The Wraith merged into the dense holiday traffic, but wasn’t in the least affected by it. Ranks of taxis, cars, lorries, and vans crowded the slushy boulevard at a near standstill, lurching forward one by one like impatient animals at a feeding trough, but the Wraith merely slipped between them, riding the centre line like a rail, bulging the space so that the narrow aisle became a grand, empty thoroughfare. Balor did stop the car at traffic lights, but James noticed that the Rolls was always the first in line, its engine throttling patiently, until the light on the falling feathery flakes switched from red to green, whereupon the vehicle would ease forward again, preceding the traffic all around like a general leading troops on parade.
The drive to Canterbury took some time, and James was reminded once again of how immensely large London really was. They passed through shopping districts crowded with travelers on foot, most loaded with bags and boxes. They skirted industrial areas dominated by brick walls and filthy windows, tall smokestacks and metal garage doors.

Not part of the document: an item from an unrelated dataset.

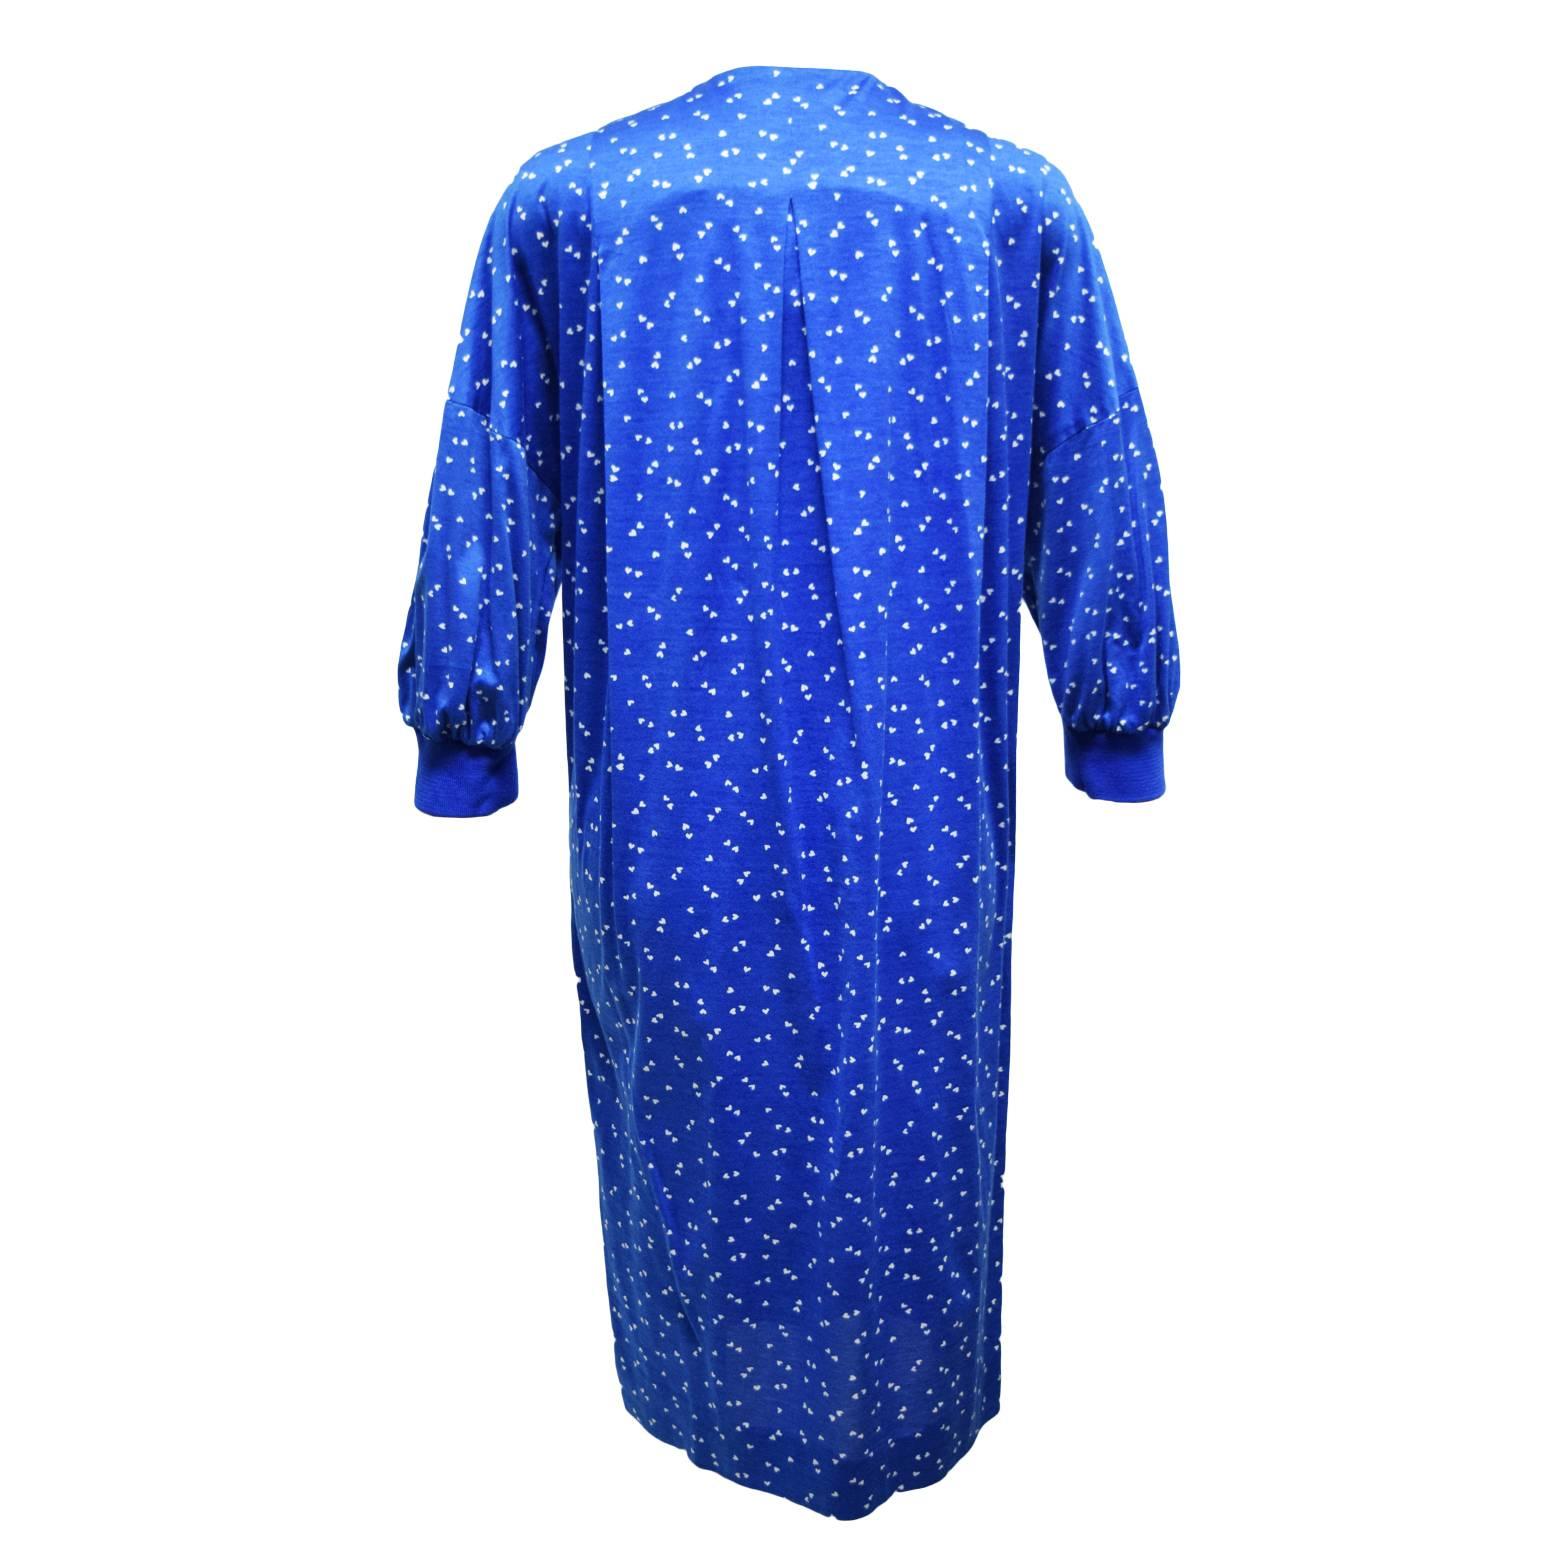 This Akris shirt dress is 100% blue and white heart printed cotton, and has iridescent pearl like heart shaped button front embellishments. The sleeves are shirt bat winged sleeves and the dress has pleating detailing for shape.   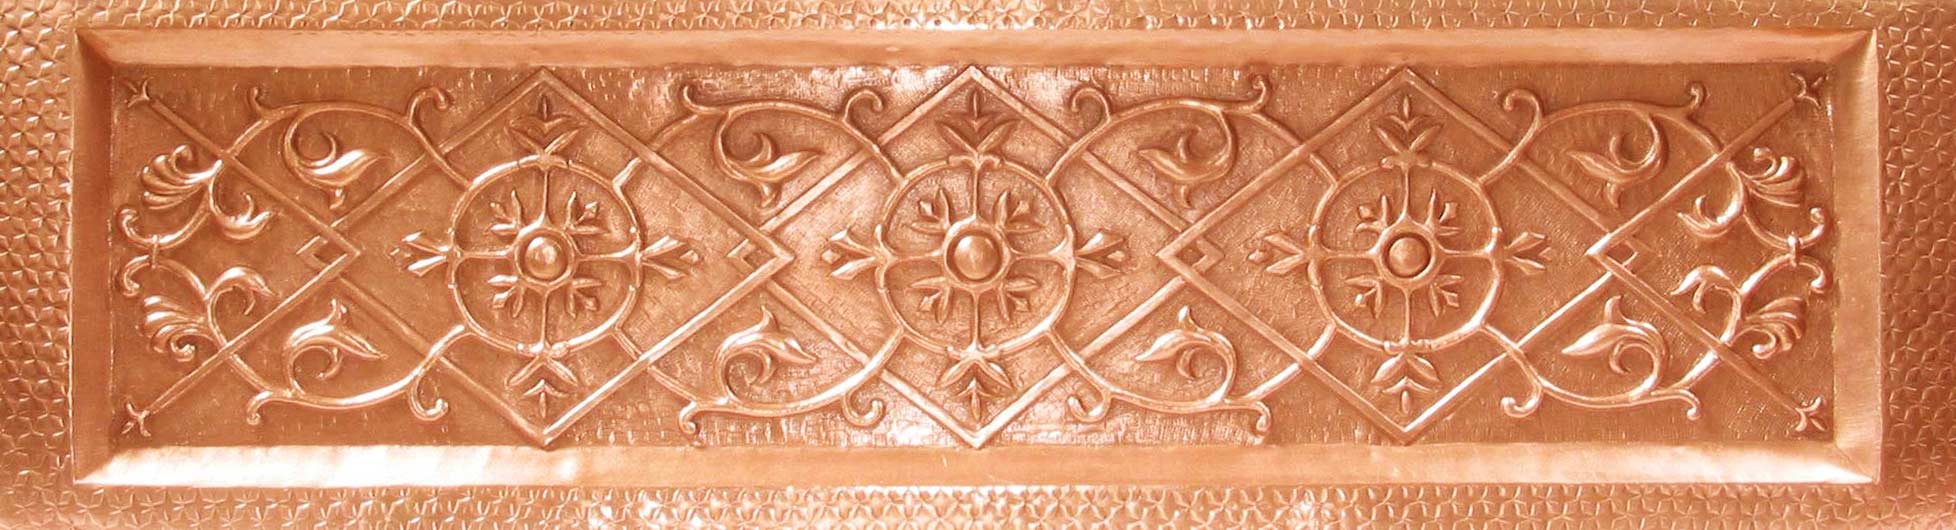 Copper sinks:Mexican style apron copper kitchen sinks copper bathroom sinks bar round oval square Antique copper sinks cost prices

Finally, they came to a neighborhood of large homes set far back behind carefully pristine gardens. Trees lined the double boulevard, most decorated with understated white Christmas lights. No cars were parked on the streets here, and the snow was no longer tramped down by endless intersecting vehicle and pedestrian tracks. Instead, the boulevard was striped with two neat black tyre marks, repeated carefully by the few cars that drove here. The Rolls Royce followed the tracks discreetly while James peered from the huge side windows, wondering which of the large, impressive-looking homes might be their destination.
“We’re not there quite yet,” Millie said with a smile in her voice.
James waited, his chest tight with a blend of anticipation and trepidation that was becoming all too familiar. The only other vehicle on the road, he noticed, was another large luxury car, though of much newer vintage, following the Wraith at a respectful distance, its headlights bright as diamonds on jeweler’s velvet.
As they neared the end of the boulevard, James realized that there was something unusual about the houses lining the left side. The spaces between and behind them were seamlessly dark, stretching off into foggy flatness. With a jolt of mild surprise, James realized that the flatness was the sea, mostly frozen over, so that the blue-white edges blended into smooth black over the depths. The rear yards of the homes sloped down to stony beaches, some dominated by the blocky silhouettes of boathouses, all dark and shut tight for the winter.
A line of trees obscured the shore view as the Wraith reached the end of the boulevard, which angled toward the sea and terminated at a neat round cul-de-sac with a curving metal guardrail. Trees lined the rail, crowding directly up to it, blotting out the sea view and the night sky beyond. The streetlamps ended at the last house, leaving the cul-de-sac thick with shadow, like a giant paved period at the end of a formal sentence.
The Wraith stopped in the centre of the period.
“Are we,” James asked, leaning forward on the seat to peer through the windscreen far ahead, “like, here yet?”
Beyond the windscreen, the dark line of trees began to shift.